*DESCRIPTION OF THE TASK*.
Return the data that follows exactly as it appears. Pictures do not belong in the copy.

*GIVEN DATA*.
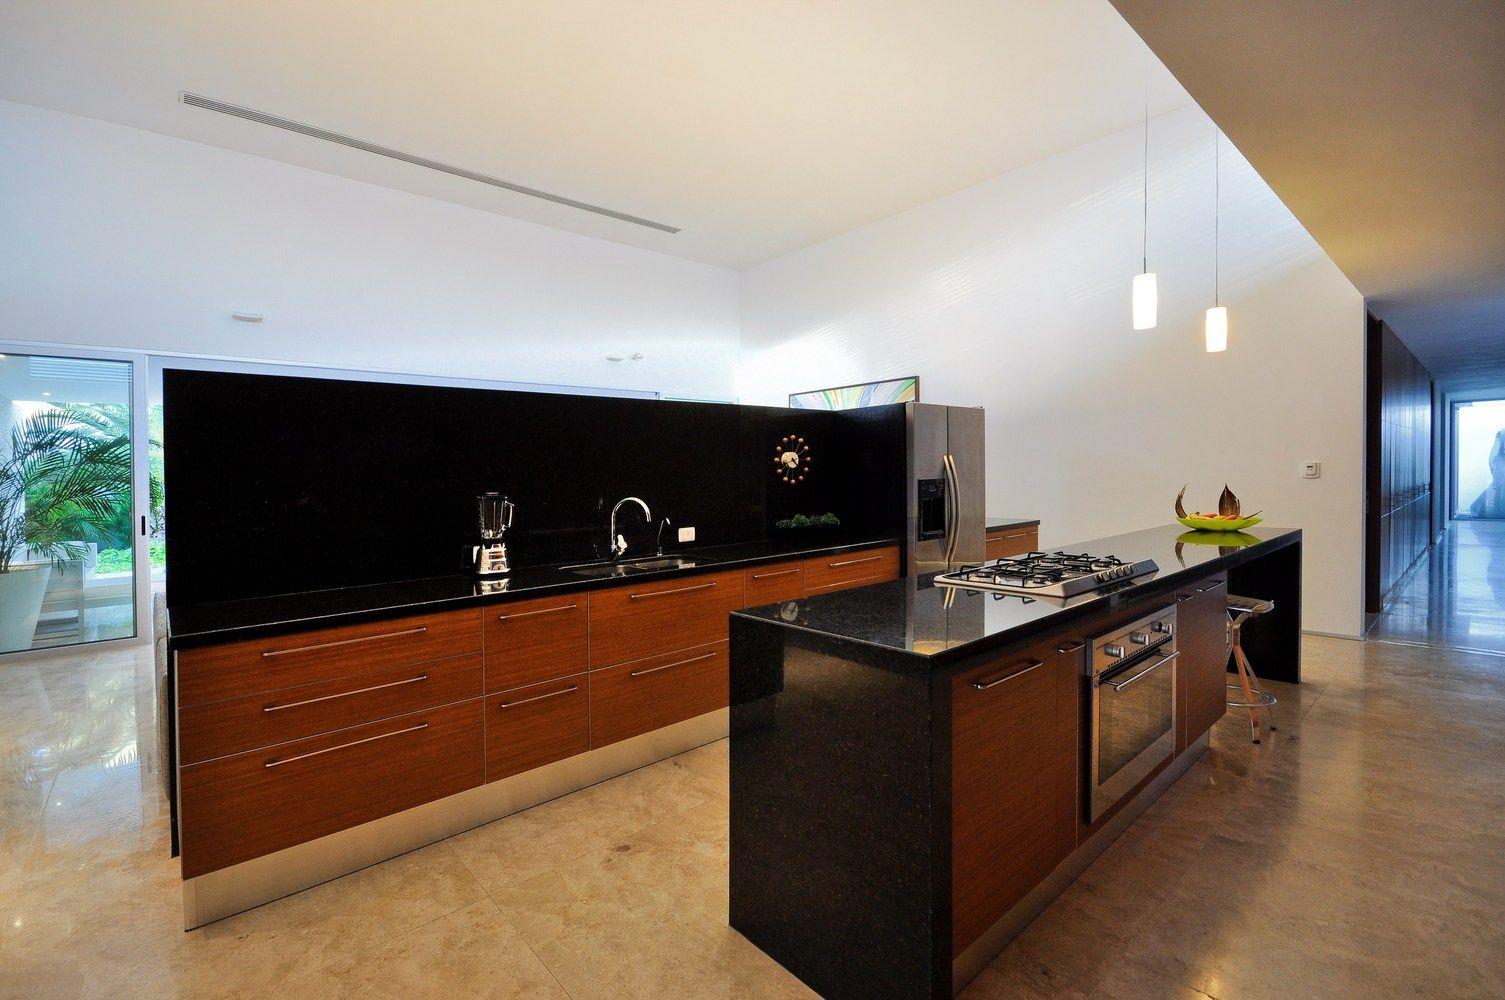 Gallery of Rajuela House / Muñoz Arquitectos - 16
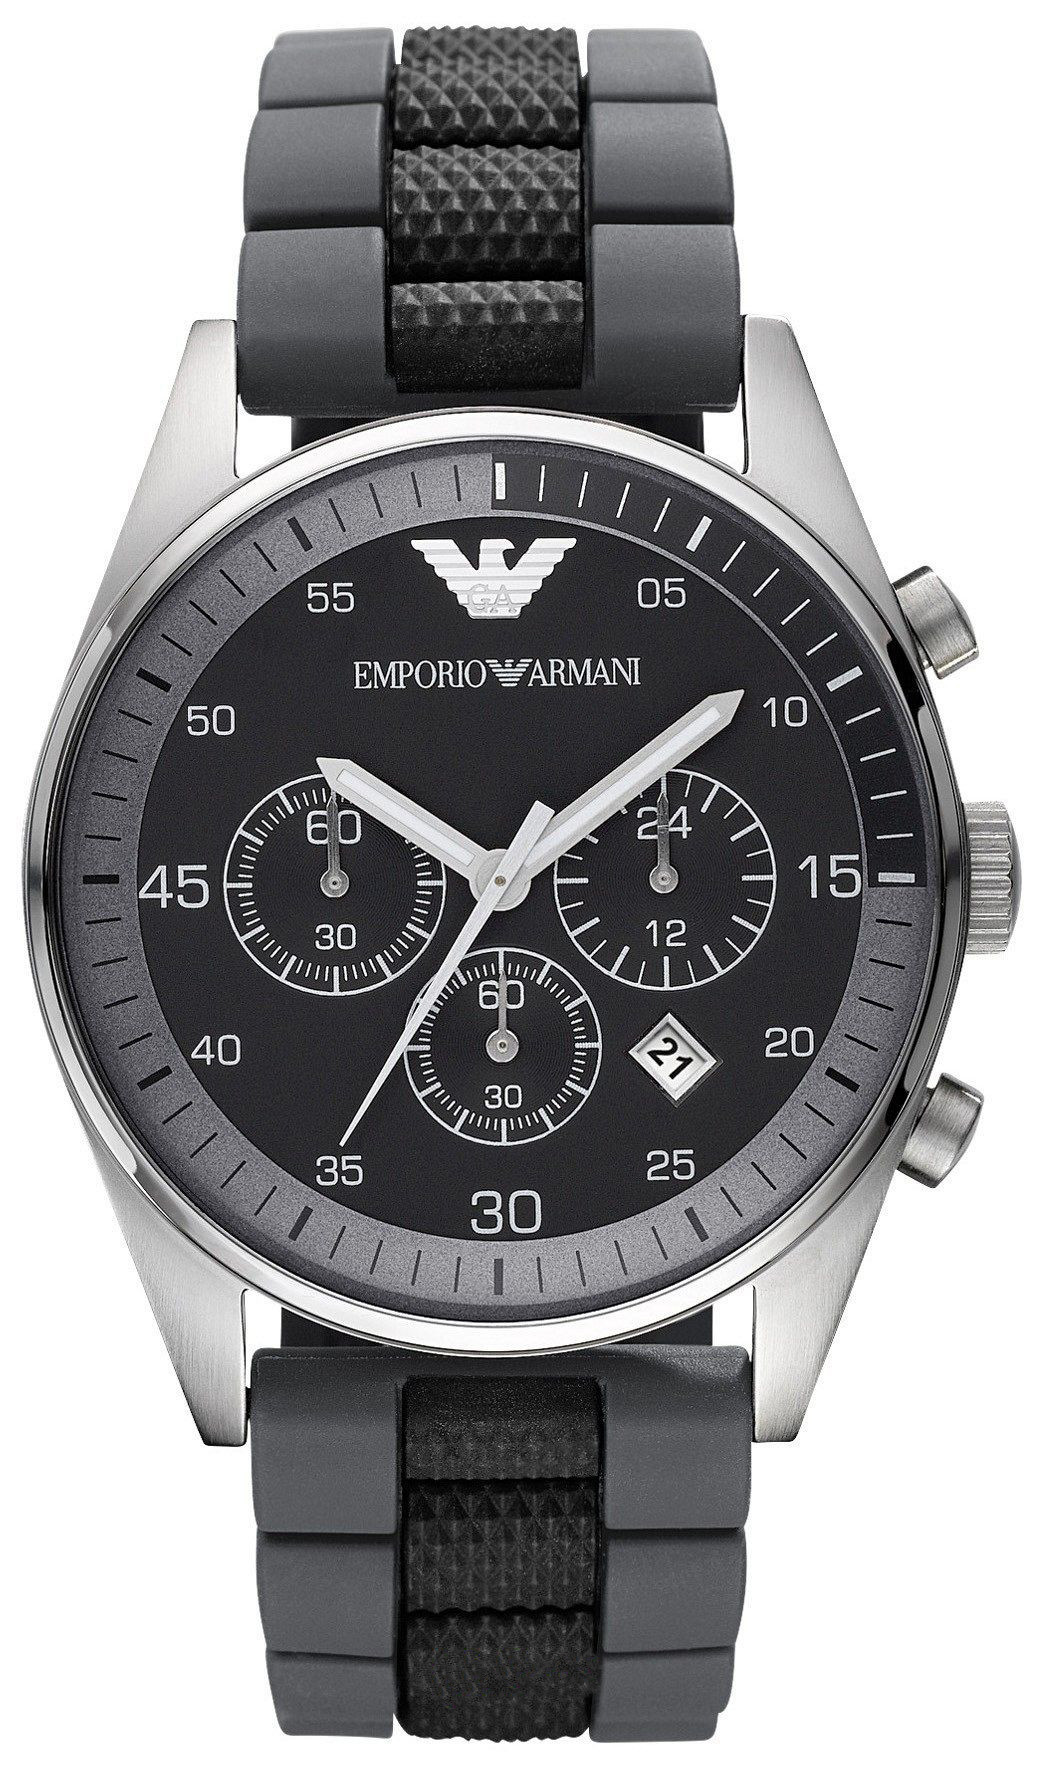 Emporio Armani Sportivo Gent's Stainless Steel Chronograph Watch AR2460
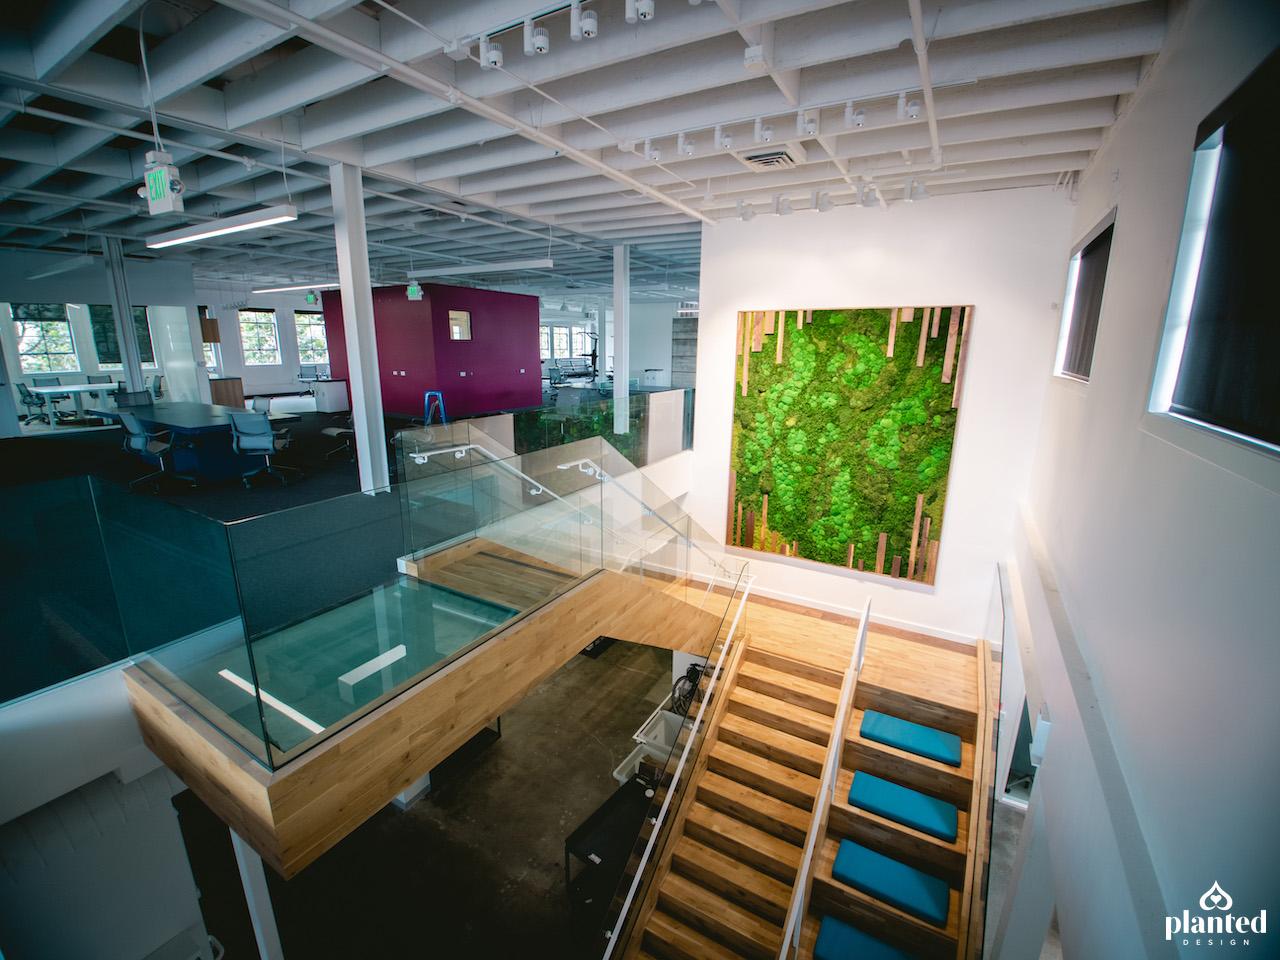 PlantedDesign_MossWall_PerfectDayFoods_Emeryville_California_Office_fixed.jpg

*RESULT OF THIS TASK*.
 Gallery of Rajuela House / Muñoz Arquitectos - 16
 Emporio Armani Sportivo Gent's Stainless Steel Chronograph Watch AR2460
 PlantedDesign_MossWall_PerfectDayFoods_Emeryville_California_Office_fixed.jpg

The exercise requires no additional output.